TASK TO COMPLETE: Please write out the entire listing below exactly, excluding its pictures.

SUPPLIED DATA:
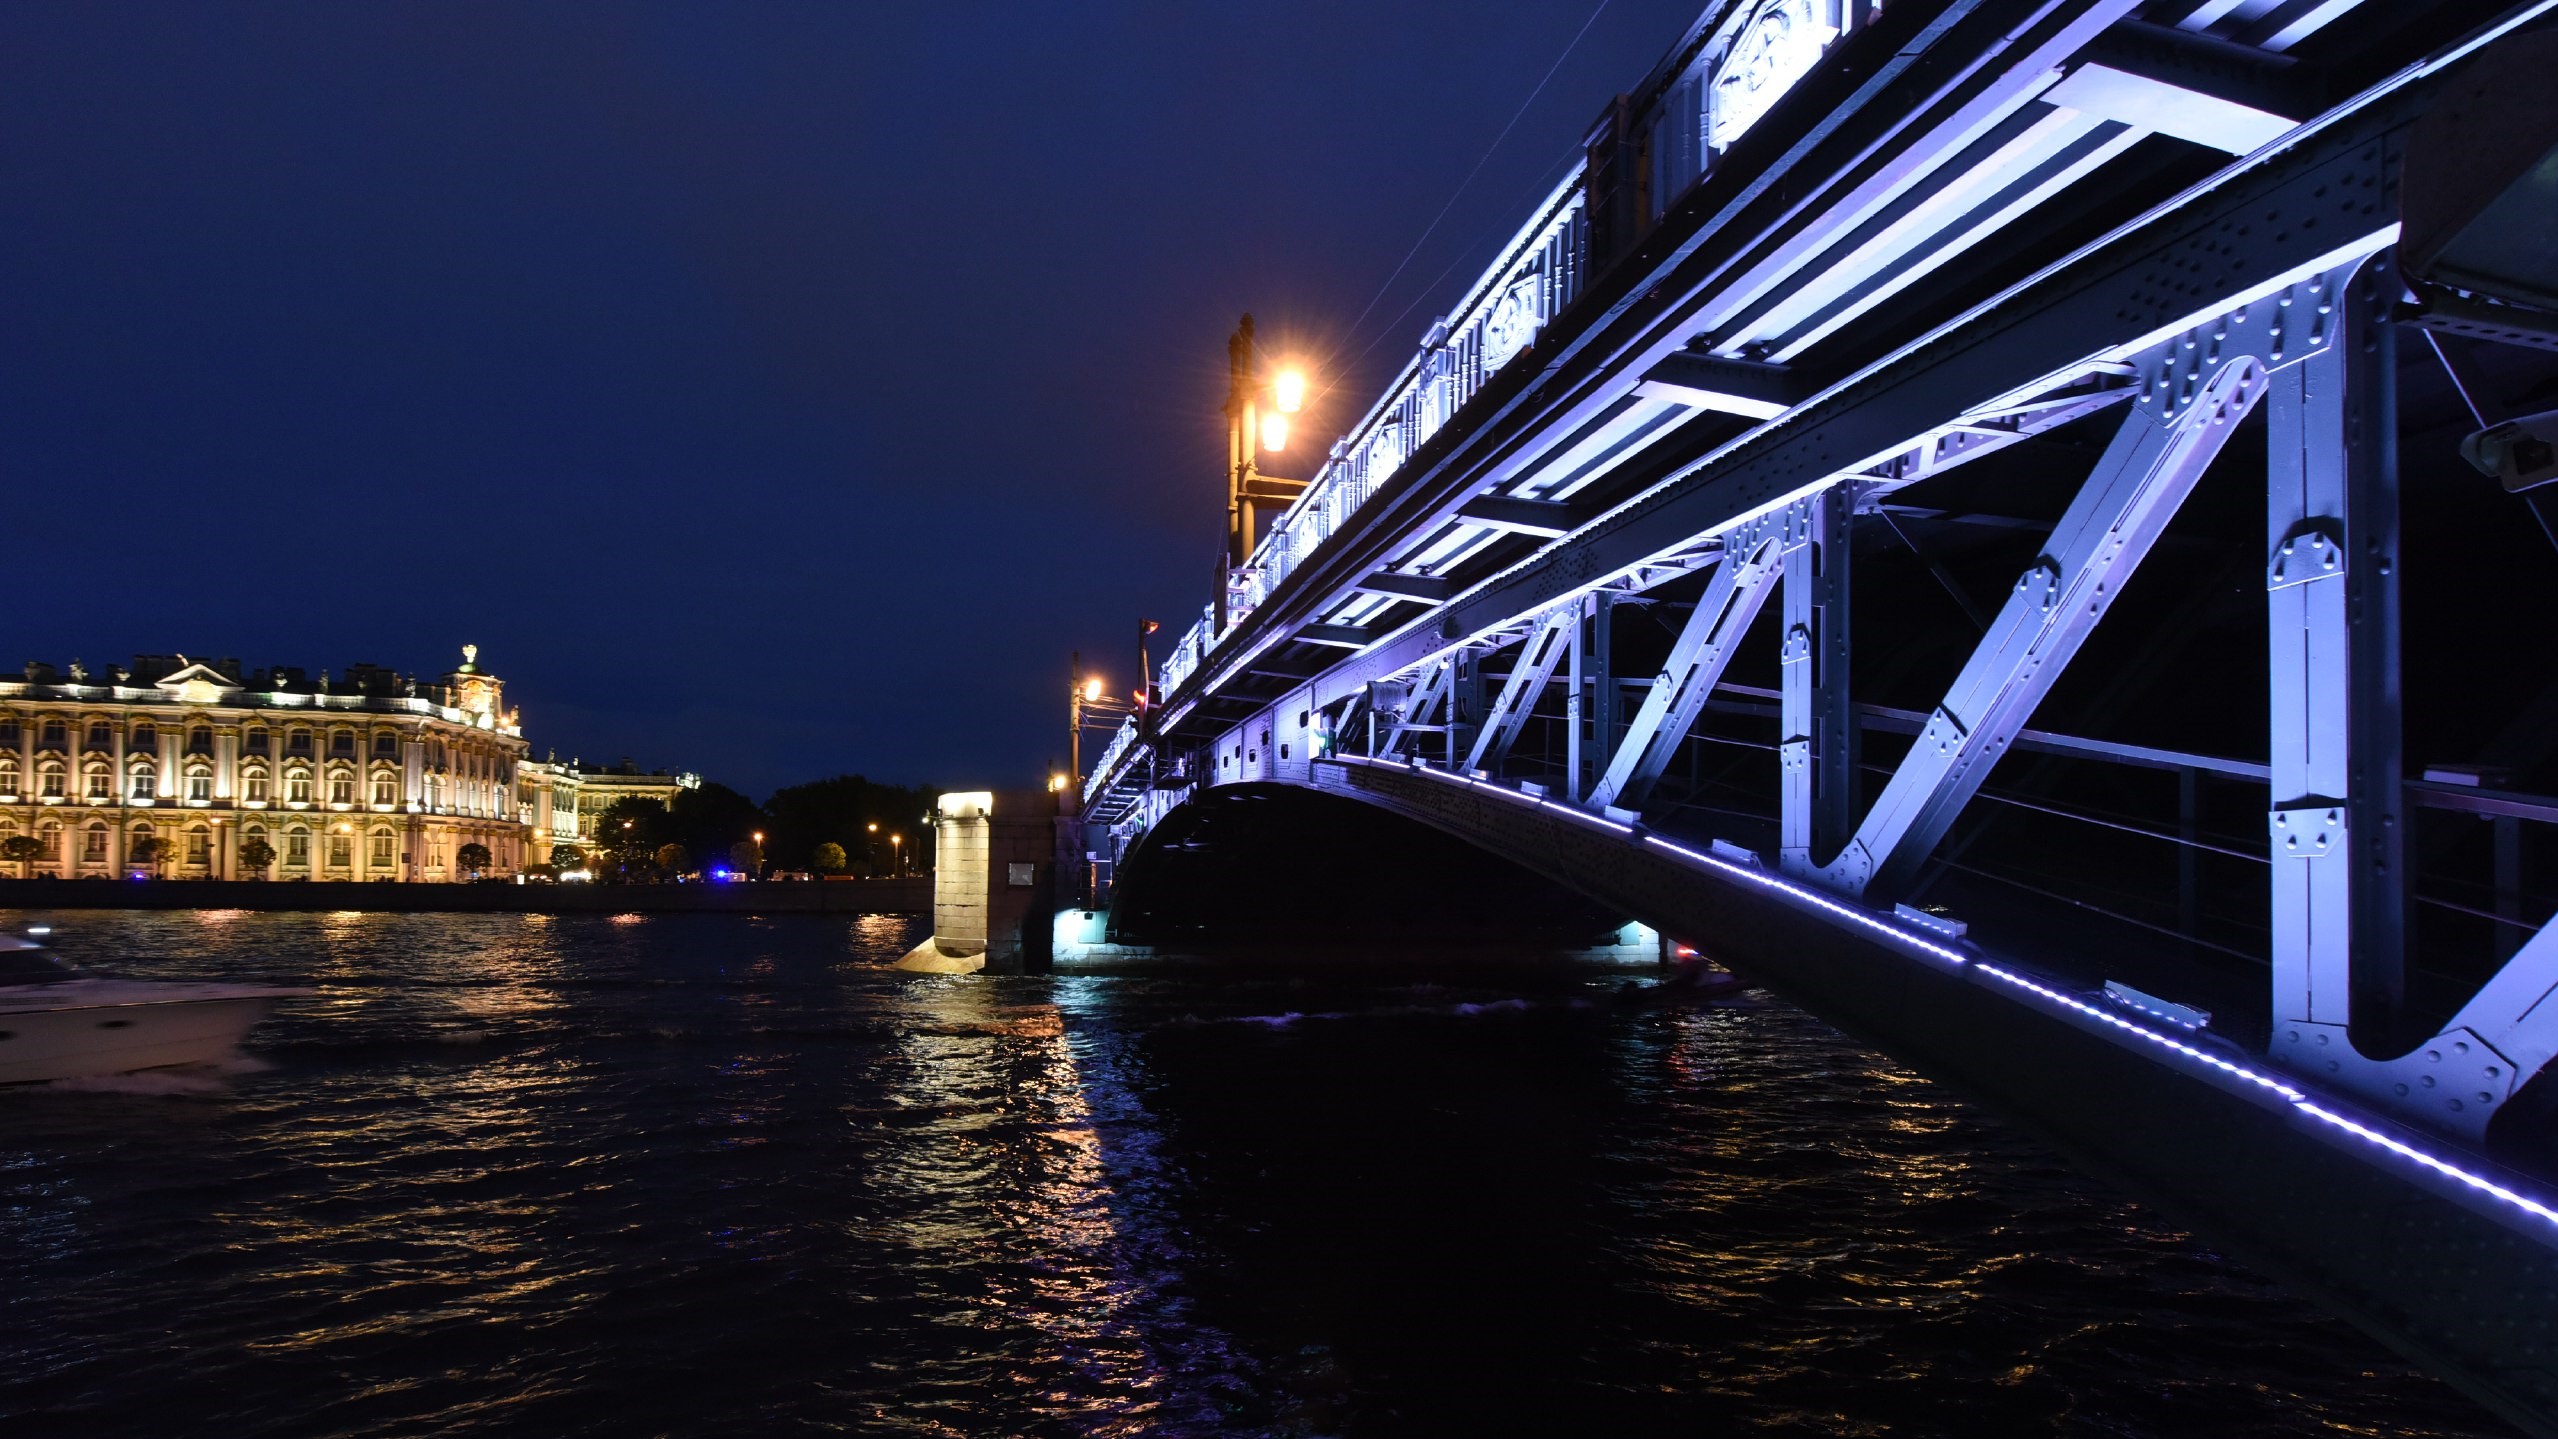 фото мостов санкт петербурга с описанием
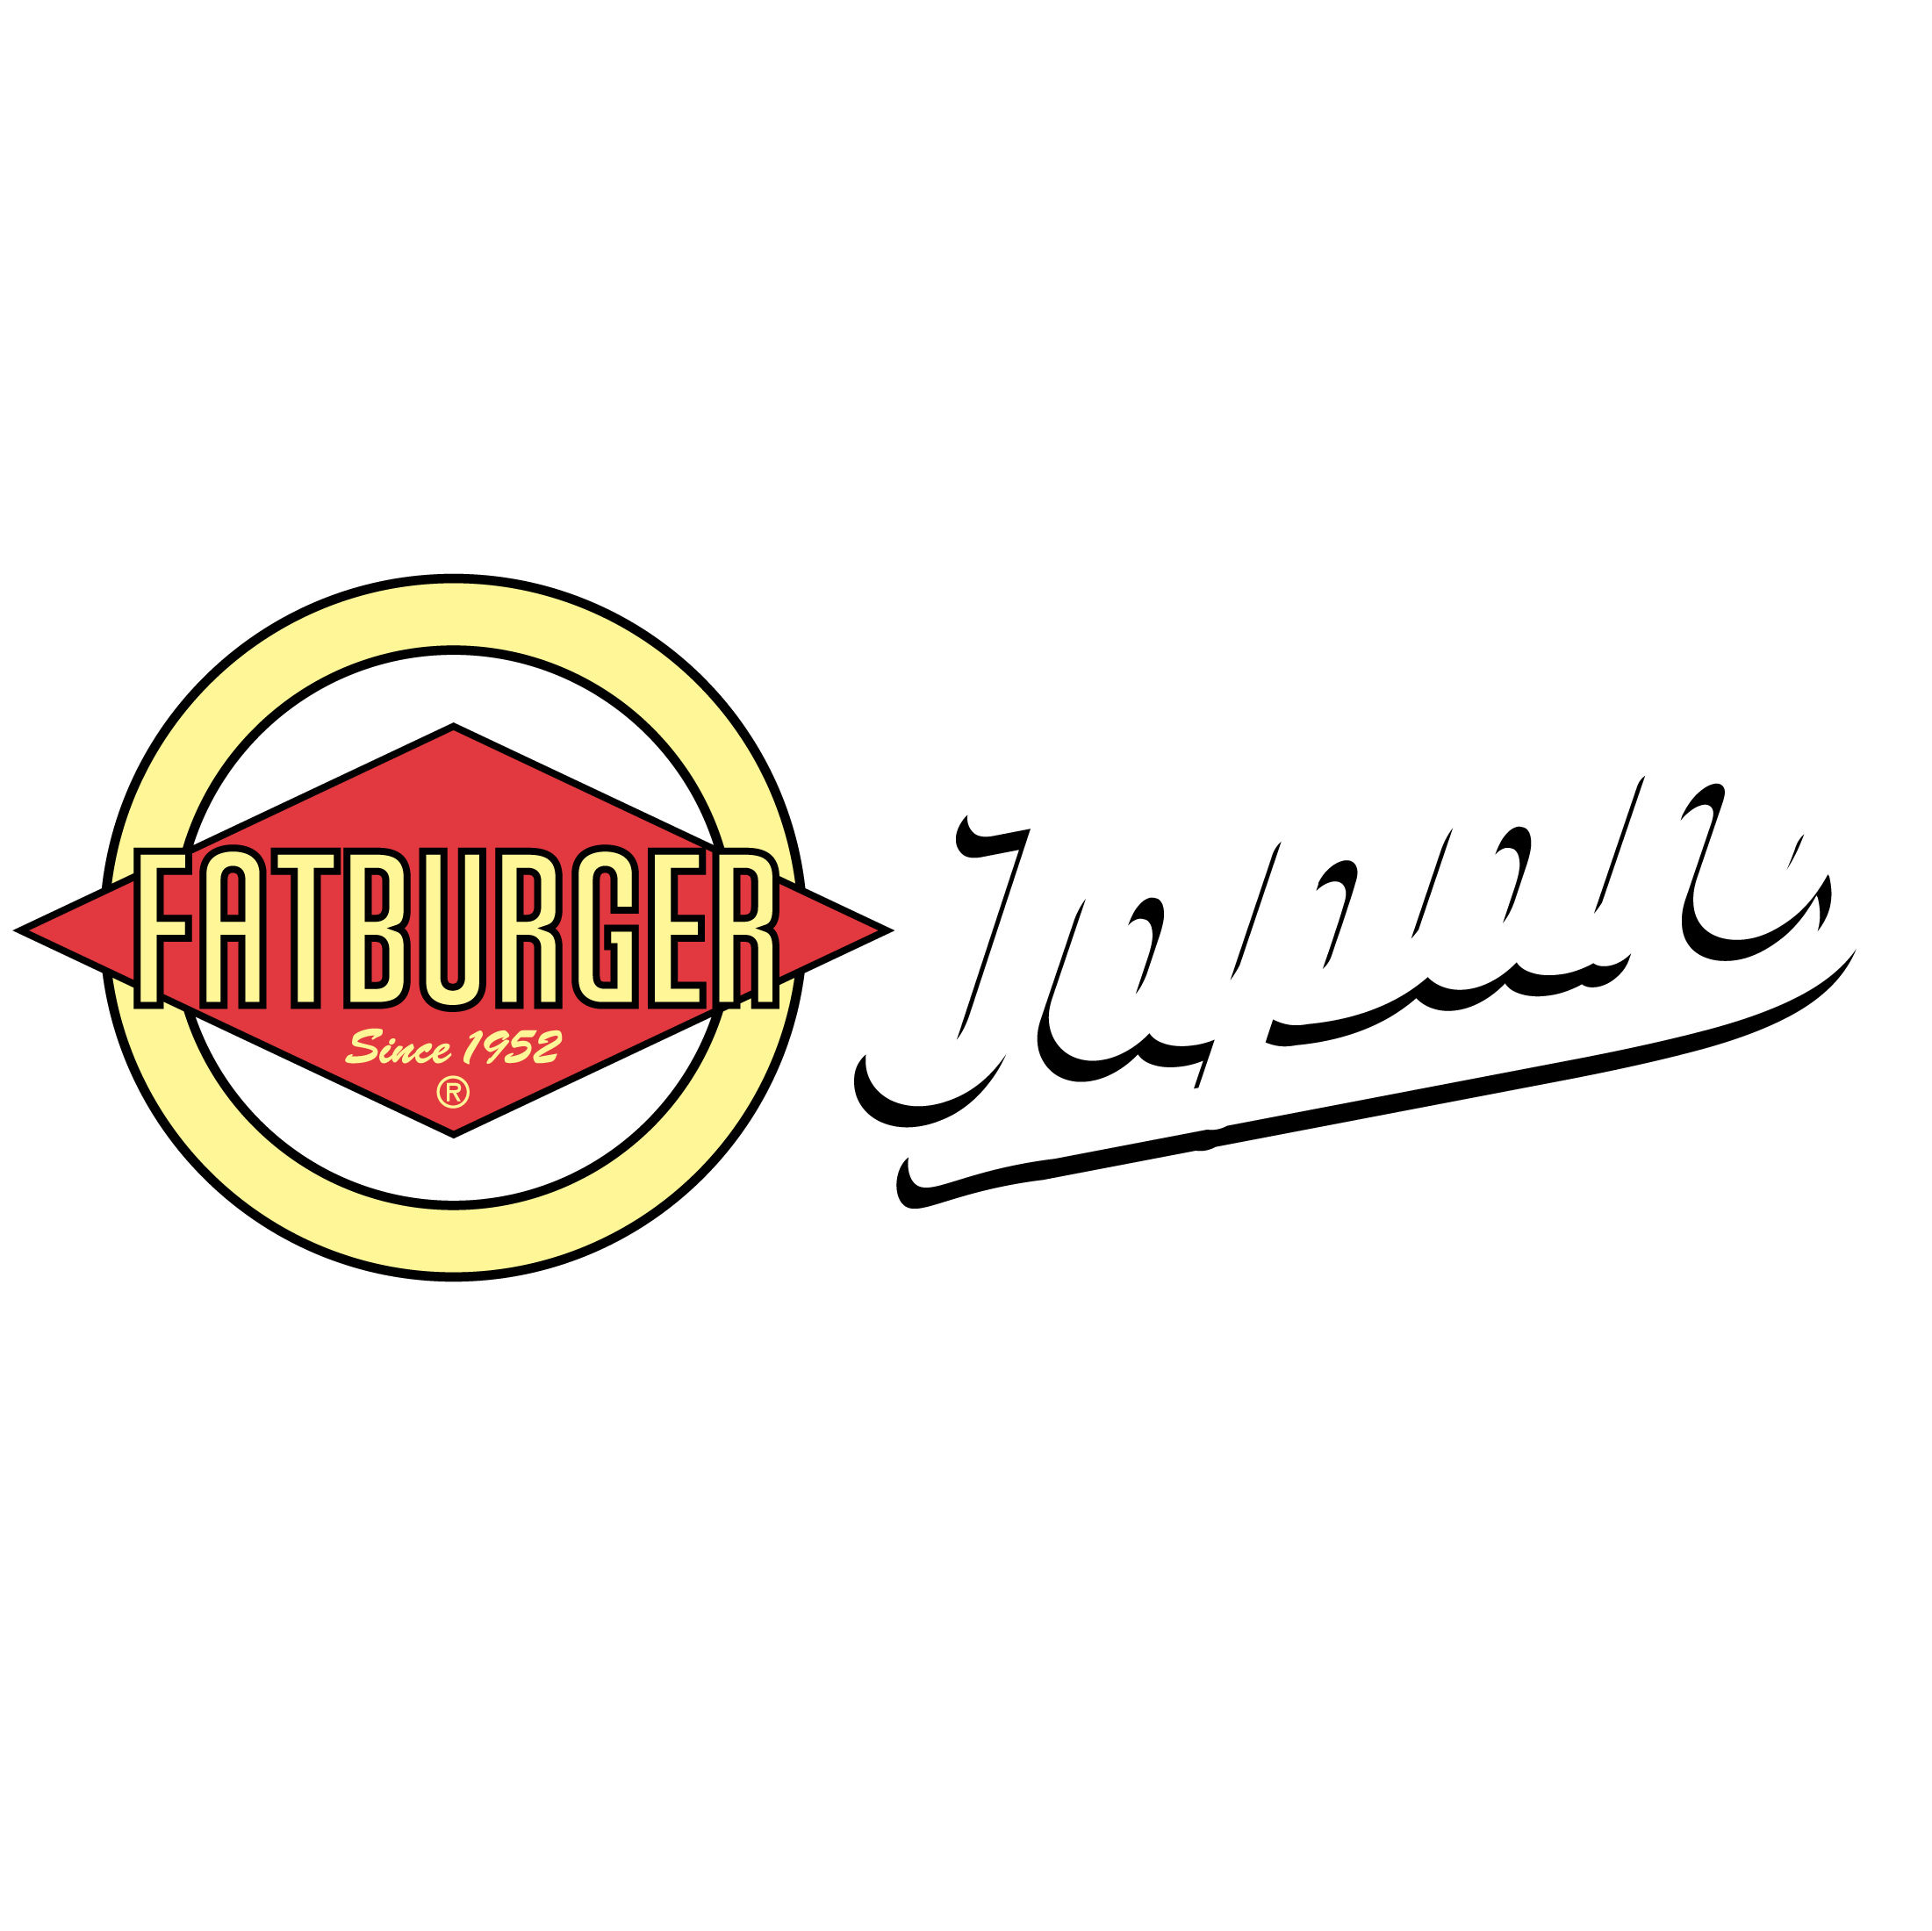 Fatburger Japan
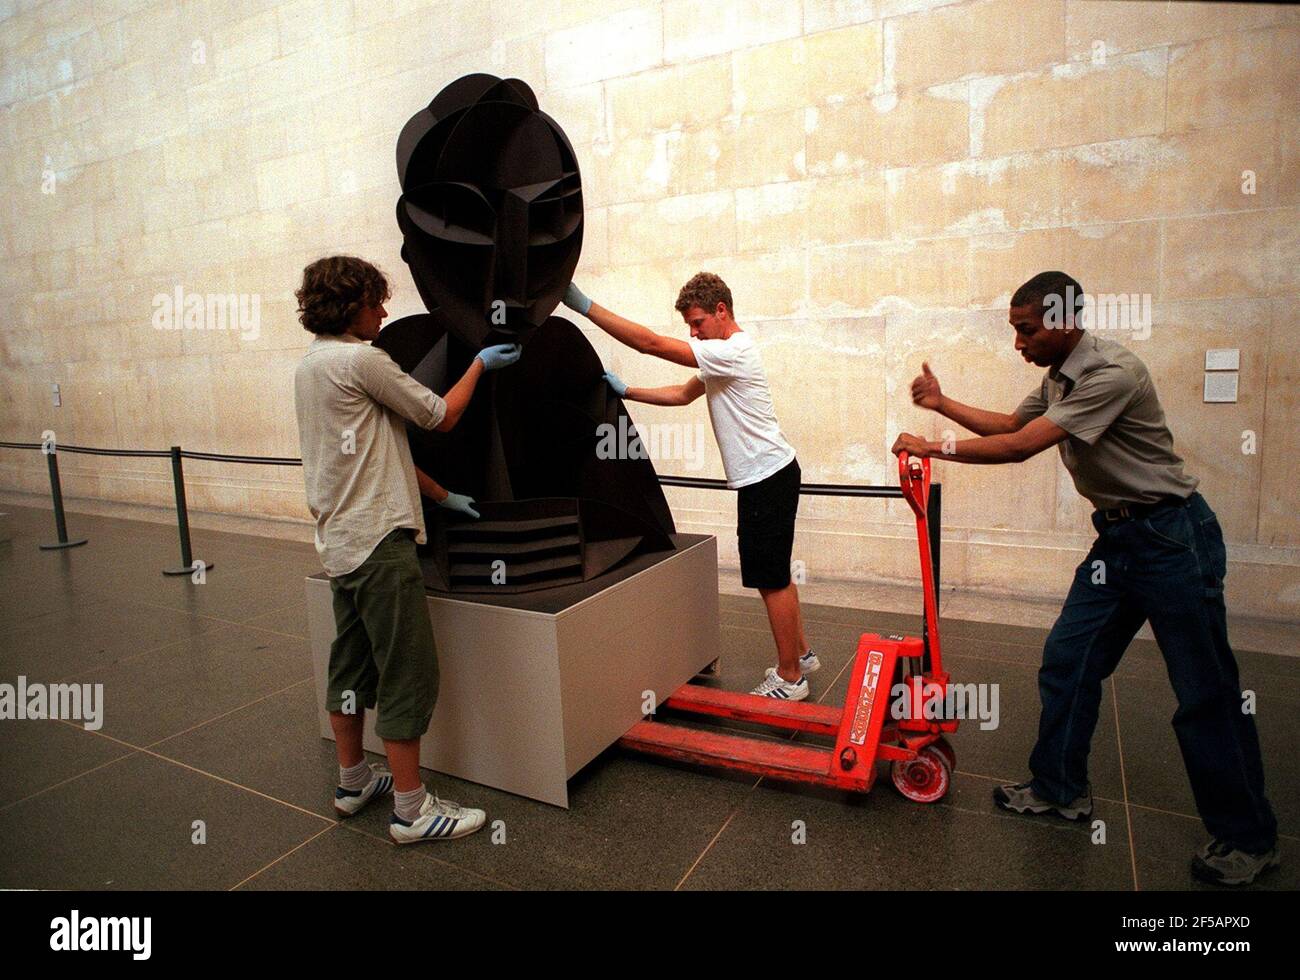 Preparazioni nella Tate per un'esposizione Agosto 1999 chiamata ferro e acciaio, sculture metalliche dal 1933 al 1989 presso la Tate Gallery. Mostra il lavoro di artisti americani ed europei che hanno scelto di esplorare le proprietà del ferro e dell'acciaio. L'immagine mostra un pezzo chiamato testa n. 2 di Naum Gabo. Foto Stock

RESULT FOR THIS TASK:
 фото мостов санкт петербурга с описанием
 Fatburger Japan
 Preparazioni nella Tate per un'esposizione Agosto 1999 chiamata ferro e acciaio, sculture metalliche dal 1933 al 1989 presso la Tate Gallery. Mostra il lavoro di artisti americani ed europei che hanno scelto di esplorare le proprietà del ferro e dell'acciaio. L'immagine mostra un pezzo chiamato testa n. 2 di Naum Gabo. Foto Stock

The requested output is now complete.